Scripture is clear about the evil of lying. In the Sermon on the Mount, Jesus said, “Let your ‘Yes’ mean ‘Yes’ and your ‘No’ mean ‘No.’ Anything more is from the evil one” (Mt 5:37). This reminds us not only that we need to be truthful, but also that hypocrisy—saying one thing while doing the opposite—is a sin against truth.
In the Gospel of John, Jesus describes the devil as father of lies (cf. Jn 8:44). St. Paul discouraged lying: “Stop lying to one another” (Col 3:9); “Speak the truth, each one to his neighbor, for we are members one of another” (Eph 4:25).
Happily, history is filled with stories of people who valued the truth so highly that they were willing to die for it. St. John Fisher (1469-1535) and St. Thomas More (1478-1535) surrendered their lives rather than approve of the divorce of King Henry VIII or deny the truth that the pope is Christ’s appointed head of the Church.
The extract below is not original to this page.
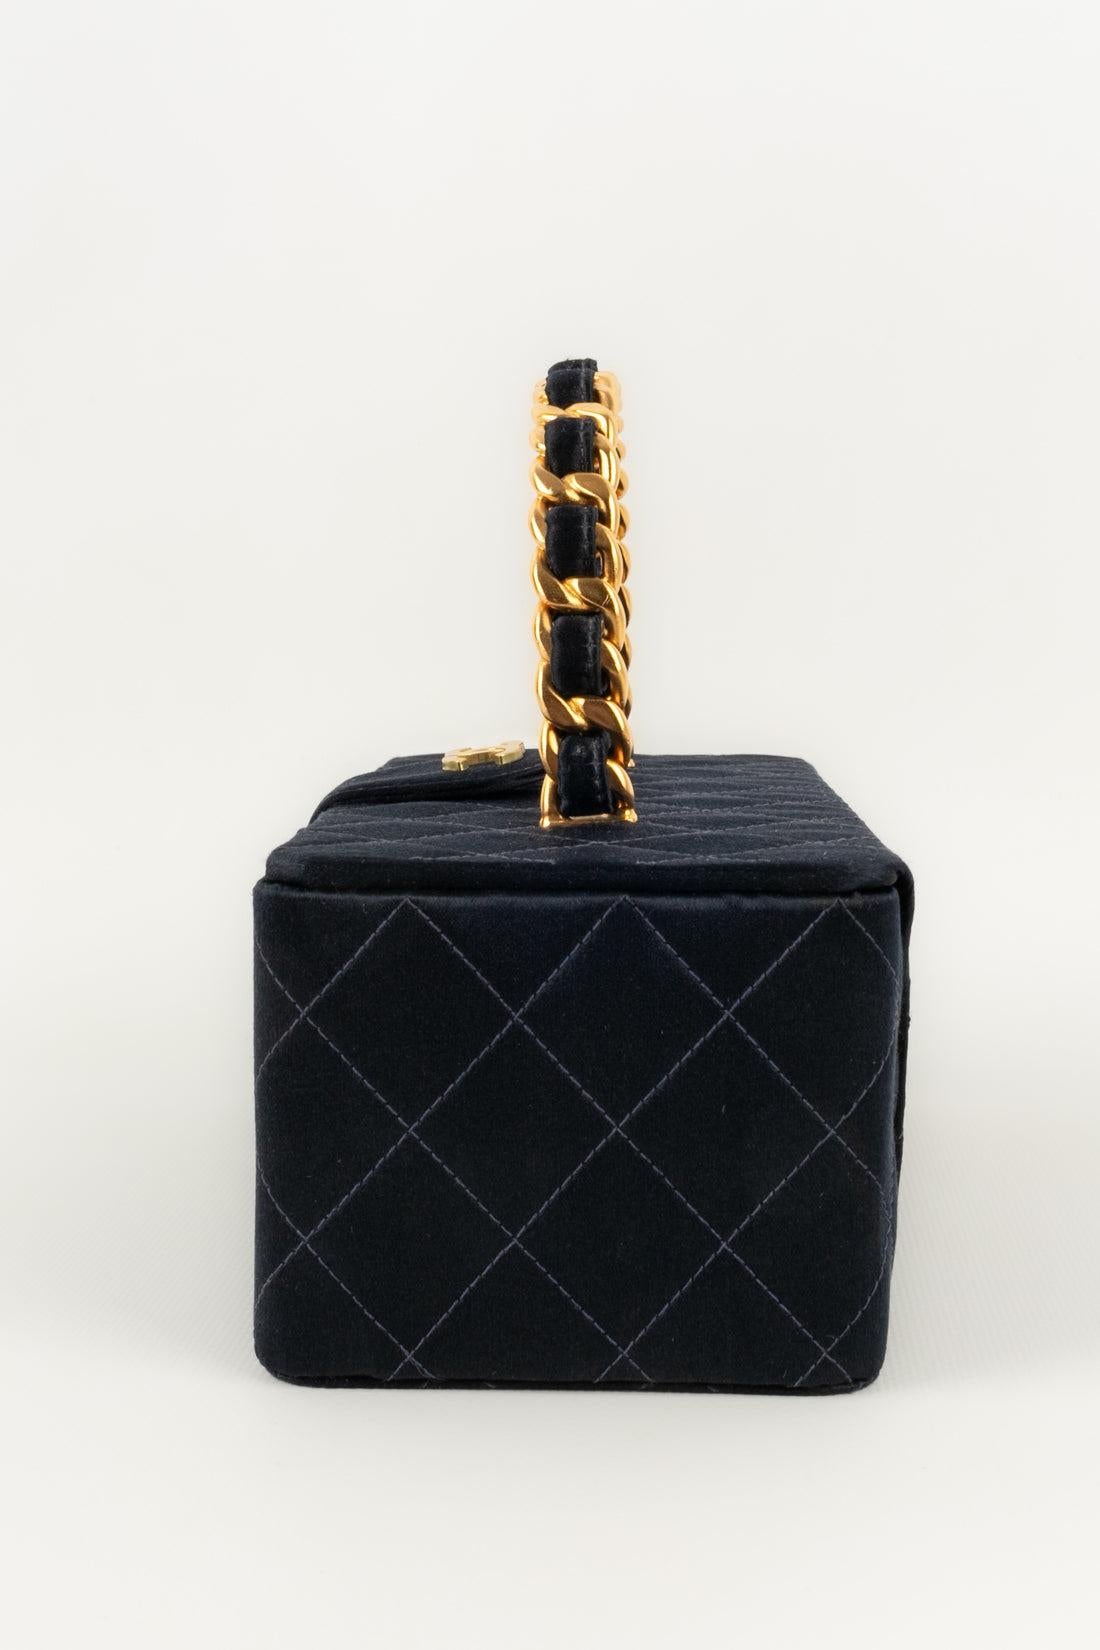  Sac Chanel en satin de soie matelassé avec éléments métalliques dorés, 1994/1996 Pour femmes

During World War II, Franz Jagerstatter, an Austrian farmer, refused to accept the lies of the Nazis, and he was martyred for his commitment to Christ’s truth. During the French Revolution, a convent of Carmelite nuns chose to ignore laws that disbanded their monastery and continued to live together as a community. They courageously went to the guillotine rather than abandon the truth for which their vows stood.
We can testify to the truths of our faith in our everyday living, especially when we come in contact with those who do not hold the fullness of faith taught by the Catholic Church. This is done by living out the responsibilities and implications of our faith, as well as by being prepared to dialogue with others on issues of doctrine and morality where differences occur. “Always be ready to give an explanation [of your faith] to anyone who asks you for a reason for your hope, but do it with gentleness and reverence” (1 Pt 3:15-16).